Personally I need my tyres to work in all winter conditions, good winters well in dry and wet conditions, not just when it snows or when it is quite cold. It rains in Scotland most of winter and we get a couple of weeks snow at most, given that my winter tyres are on from October to April the sensible choice in my opinion is to cover over the conditions which will be the case 90% of the time which happens to be cold and wet.
All winter tyres are going to grip to some extent in snow otherwise they wouldn't get the M+S marking.

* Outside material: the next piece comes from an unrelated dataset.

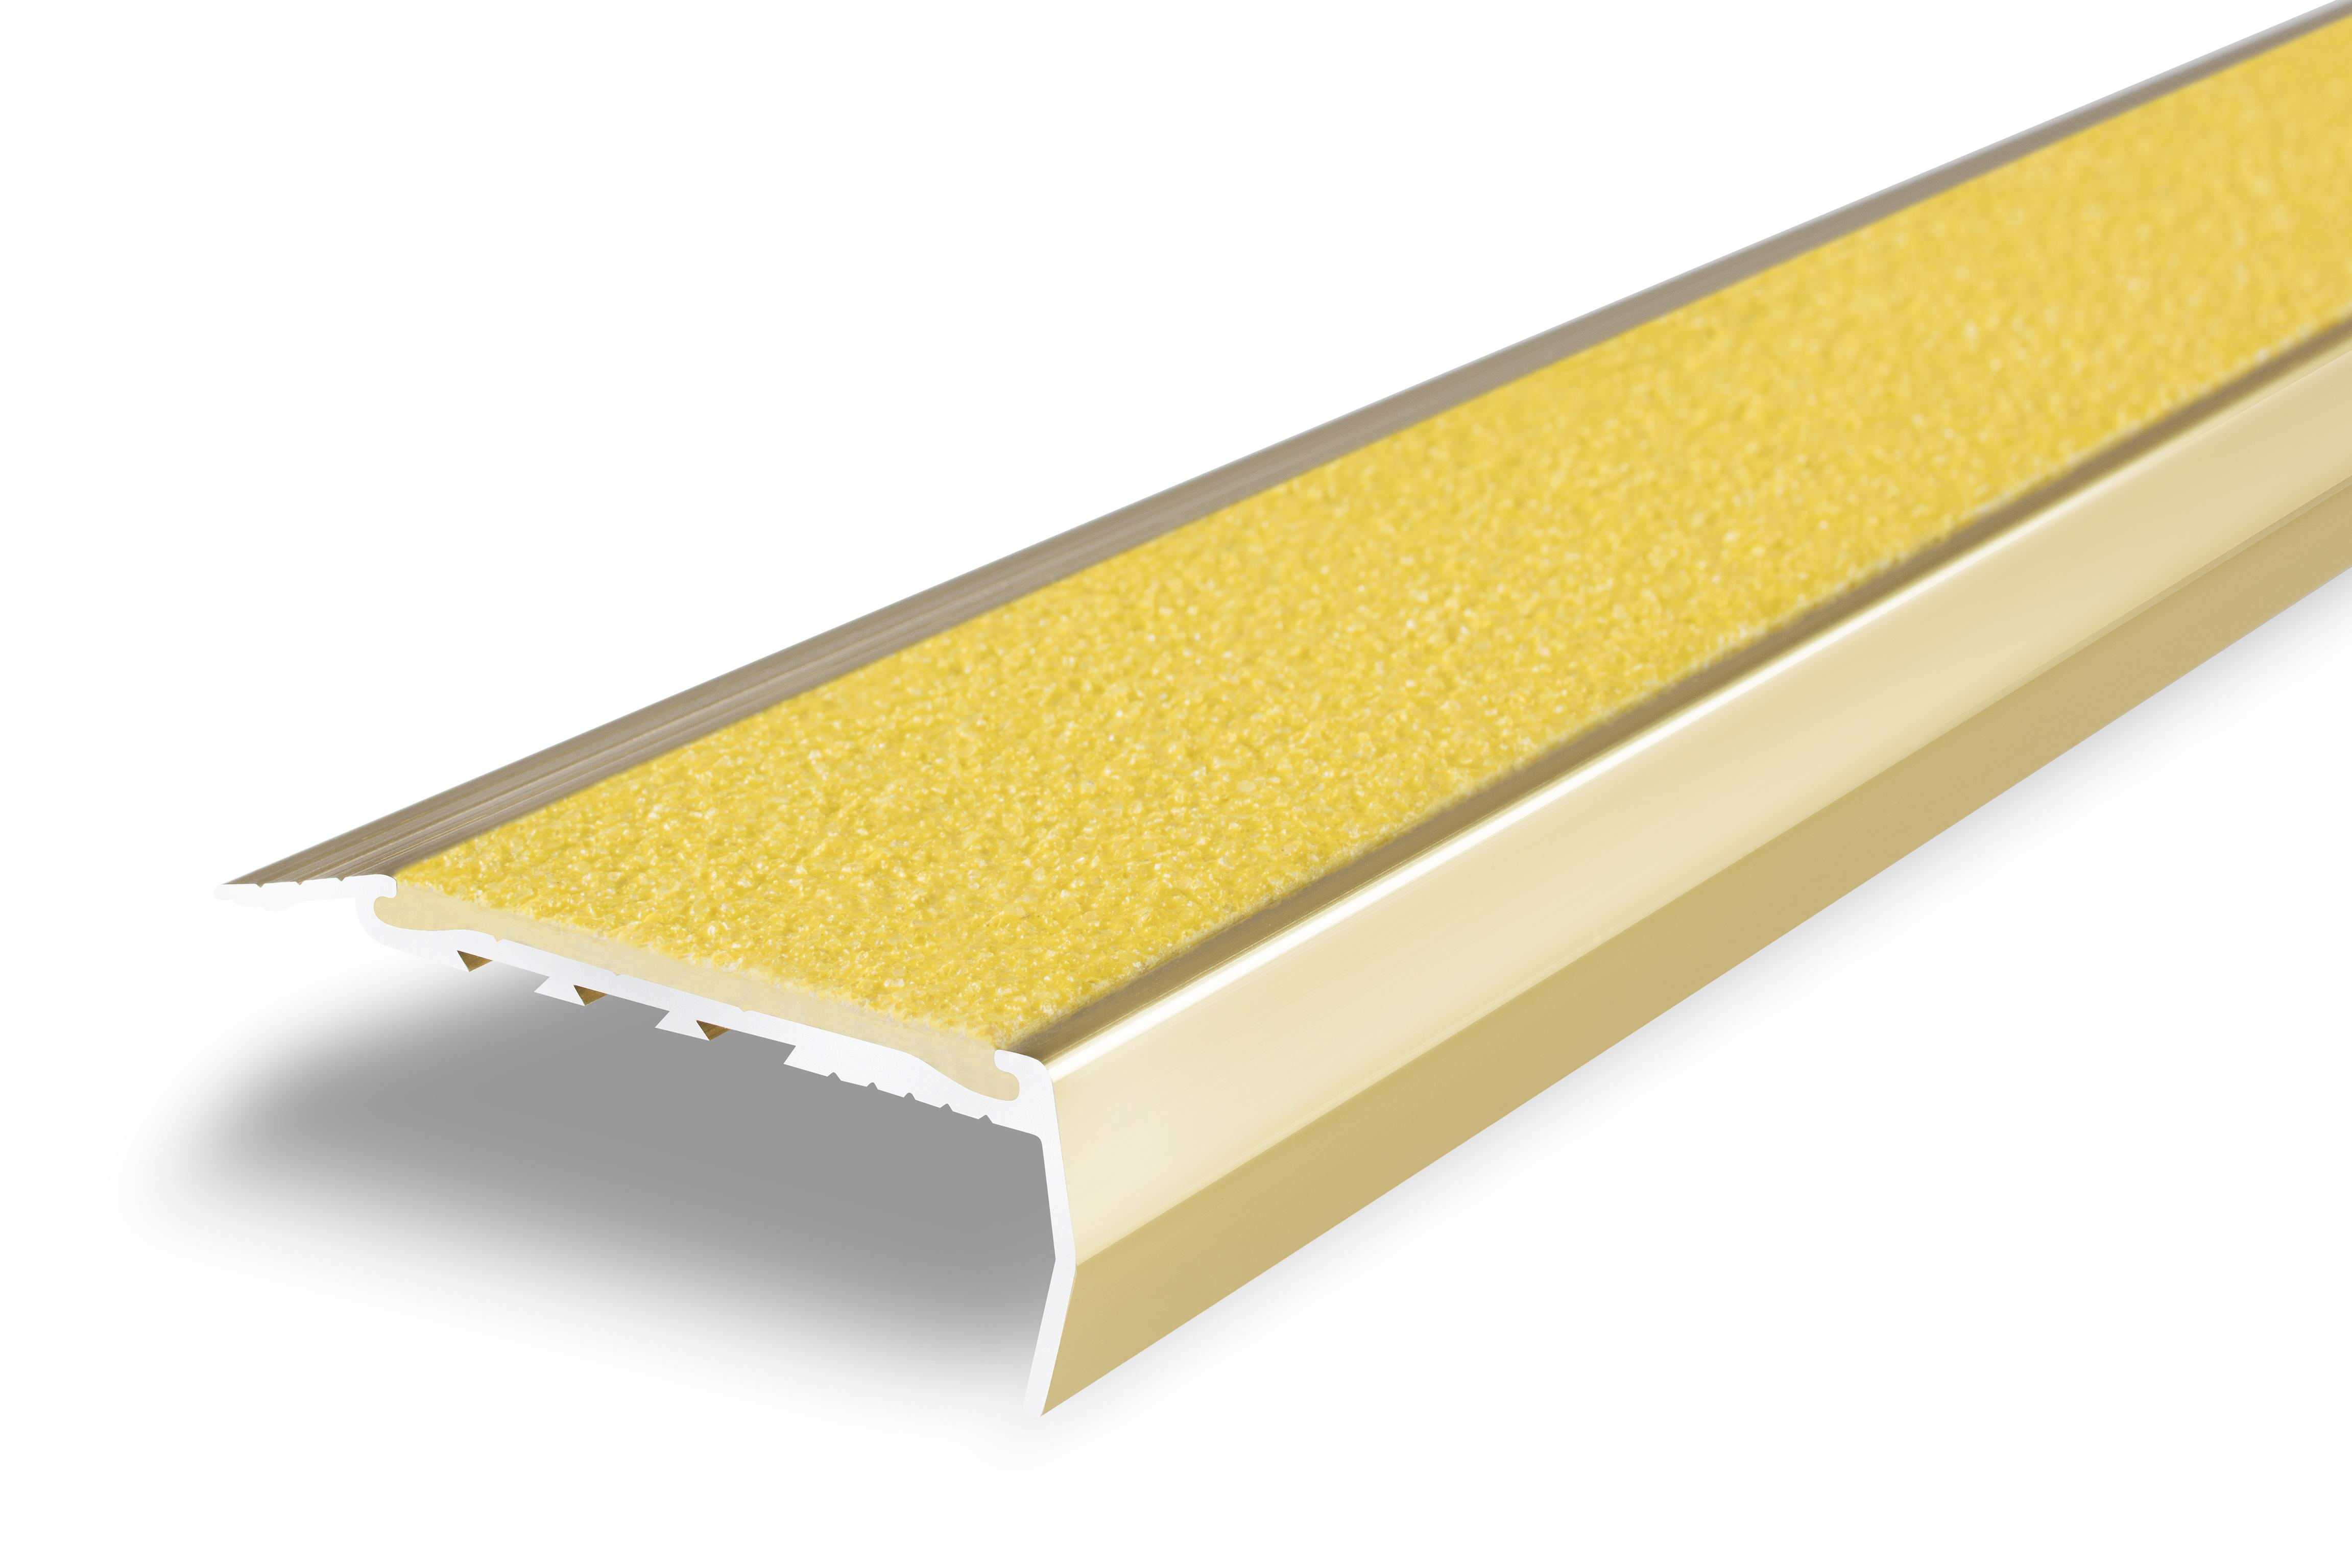 Dkr103 Tredfx Aluminium Stair Nosing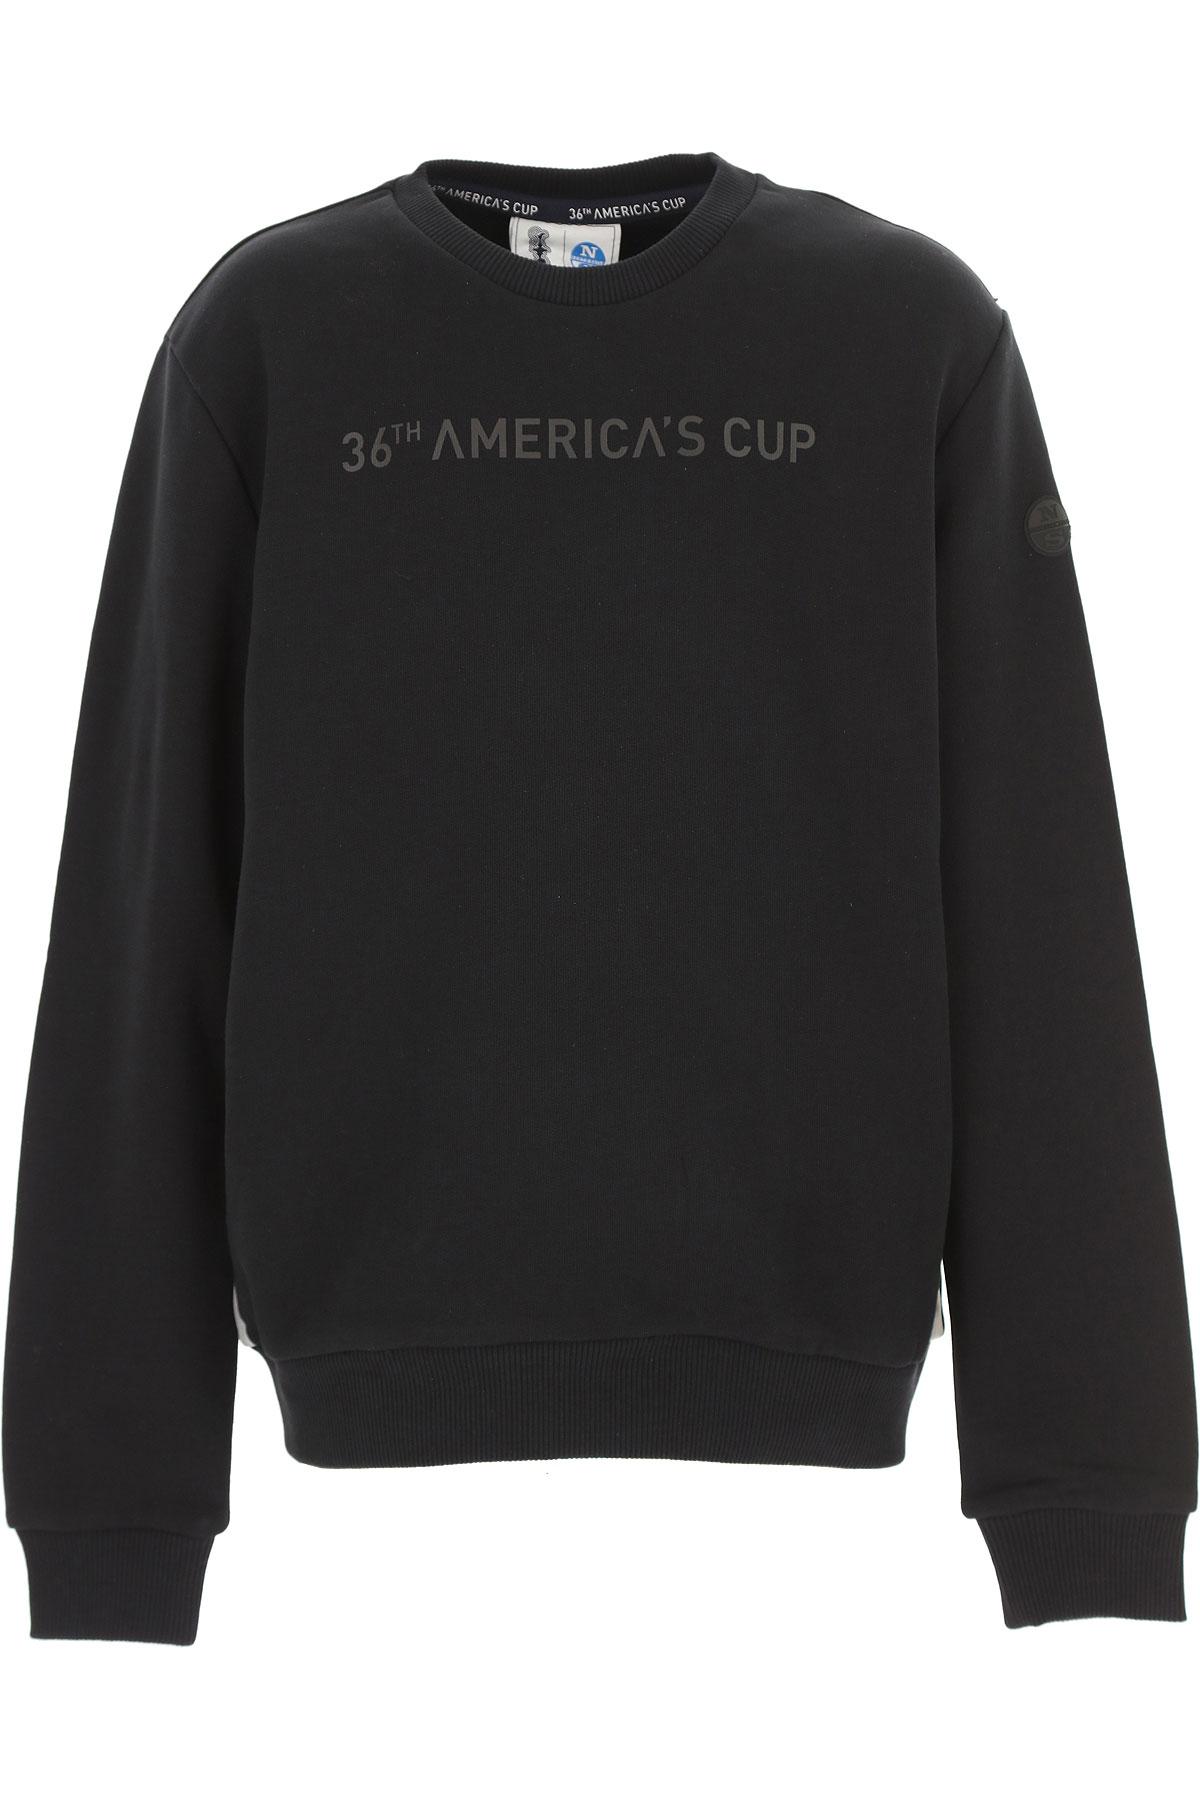 North Sails Kids Sweatshirts & Hoodies for Boys On Sale, Black, Cotton, 2019, 10Y 8Y

I'd also not agree that the winter tyre tests in magazines are not that representative as they test in the popular size and not always on a high performance car. Here's an example:
http://www.evo.co.uk/features/features/ ... tyres.html and see at the bottom what is said about budget option:
"A winter tyre – even an inexpensive one – will keep you moving in snowy conditions well after a summer tyre has slithered to a halt. Our lowest scoring winter, the Linglong, substantially outperforms our summer tyre on the white stuff. Our test results showed that
it’s not a great performer when the roads are wet and cold, or dry, and its feel is poor too, being described as ‘floaty’ in snow, ‘treacherous’ in the wet and ‘sloppy’ and ‘slow-witted’ in the dry."
So given our roads are mostly wet and cold during the winter I'll be keeping away from the budgets. Don't get me wrong we all have a budget we have to keep to and I'm not made of money but this is just how I prioritise where I spend the cash.